Виктория крепко держала его руку:
— Вы… вы сейчас же уедете? — Сильнее всего было удивление, что сию минуту Леша уйдет от нее. — Да, а вы можете сказать мне, как вас, в самом деле, зовут? Должна я знать, как жениха зовут?
— Алексей. Широков Алексей.
Он торопился, а ей никак не выпустить было его руку.
— Удачи вам, победы. Поскорей отвоеваться. И счастья. — Взялась за его плечо, подтянулась и поцеловала колючую холодную щеку: — Это — на счастье! Примета…
— Спасибо, — еще раз пожал и тряхнул ее руку. — А ведь всерьез-то не пошла бы за такого.
— Пошла бы! Почему?
— Ну, ну! — Он выпустил ее руку, на ходу пошутил: — Вдруг еще приеду, посватаюсь. Давай, Силаев, к воротам, — и пошел рядом с санями.
Виктория стояла. Слушала звуки короткого разговора с часовым, скрип открывающихся и закрывающихся ворот. Потом долго ничего не было видно и слышно. Вдруг вспыхнули окна корпусов и в них замелькали тени. Она испугалась. Но тут же сообразила, что это попросту просыпаются казармы, и подумала, что Леша посмеялся бы над ней. Ее знобило, стыли руки и ноги — мороз все-таки, и ночь не спала, и… все-таки неспокойно… Наконец услышала разговор у ворот, выделялся голос Леши. В воротах показались лошади, за ними сани. Силуэт их изменился, что-то лежало высоко, почти вровень с крупами лошадей. На клади поднялась какая-то фигура, улеглась, укрылась чем-то белым.
— Трогай, — сказал Леша.
Сани рванулись и помчались прочь от города.
Почему сказал: «Вдруг еще приеду, посватаюсь»? Конечно, в шутку сказал. А она-то совсем ничего не говорила. И поцеловала ведь просто так — провожала на фронт… Он верил ей, как близкому человеку. Спокойно пришел к ней, спокойно спал в ее комнате, на ее постели, под ее охраной. Шутил свободно и весело, о себе рассказывал с охотой… Не может быть, чтоб он не думал о ней. Он здесь, в ее комнате. Газета на лампе, чтоб ему не светило в глаза. Вместе пережили напряжение опасности, вместе продирались через метель, вместе прошли последние версты… Он верит и не может не помнить… Они же заодно.
Все повернулось. В интонациях, словах, смехе, в самом незаметном движении и в синей глубине глаз вдруг открывалось новое содержание. Только быть заодно, рядом. Воля нужна, выдержка. Помогать всеми силами, чтоб скорей… И верить.

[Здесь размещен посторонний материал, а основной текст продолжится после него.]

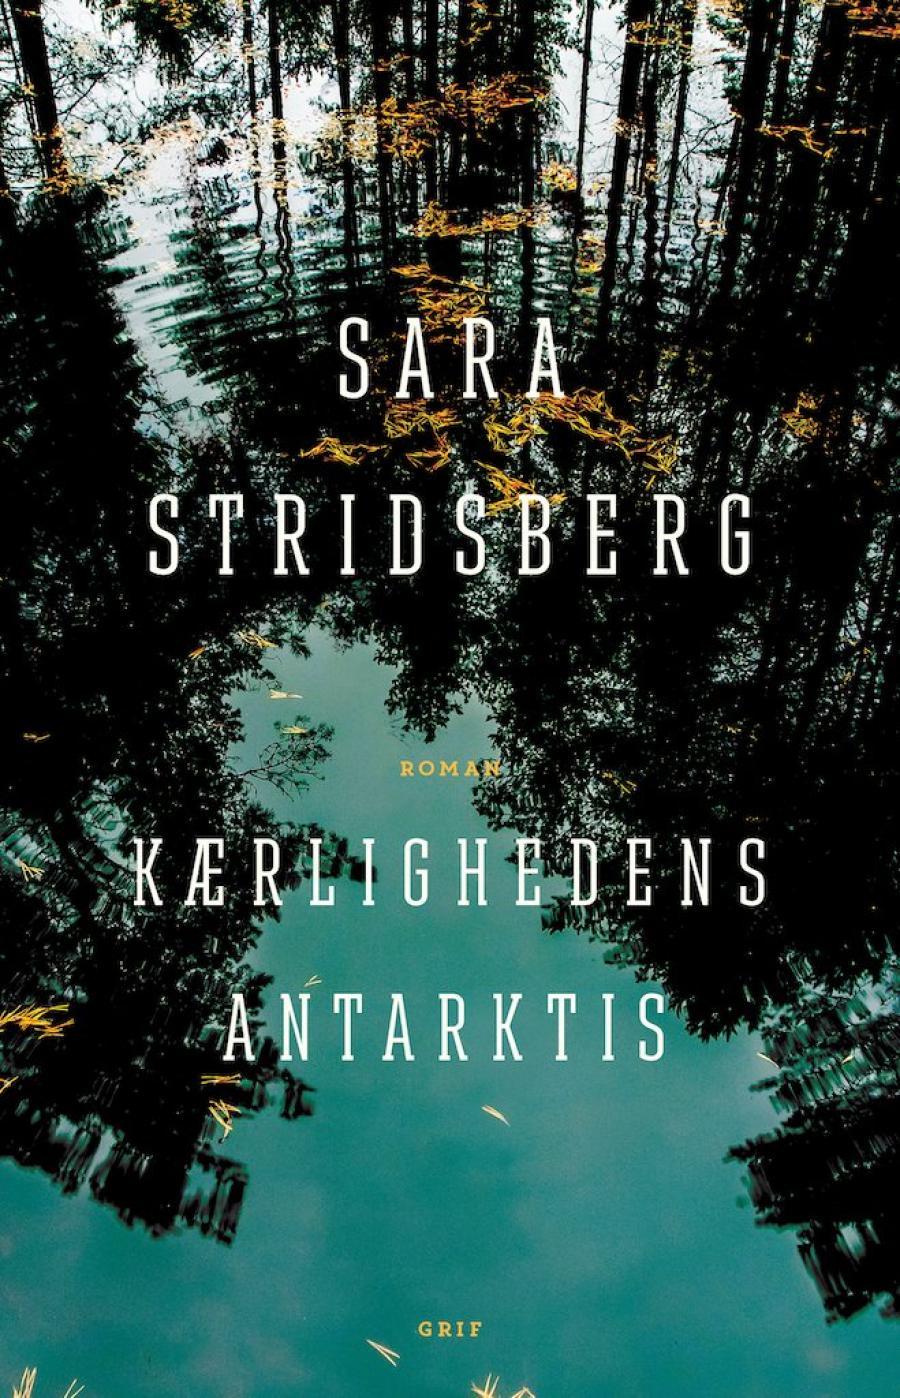 Billede af bogen Kærlighedens Antarktis af Sara Stridsberg

Рано утром, совсем в неурочное время, узнала четкий, отрывистый стук Станислава Марковича. Что случилось? Не виделись дня три, он готовил декорации к «Сильве». Вошел, запер дверь ключом. Сел на стул, расстегнул меховую куртку. Лицо серое, небритое.
— Что-нибудь случилось?
— Вы согласитесь подержать у себя очень опасный груз?
— Давайте.
Он повторил хмуро:
— Очень опасный.
— Ну что вы!
— Шрифт мог валяться на печке со времен царя Гороха. Это — свежие воззвания.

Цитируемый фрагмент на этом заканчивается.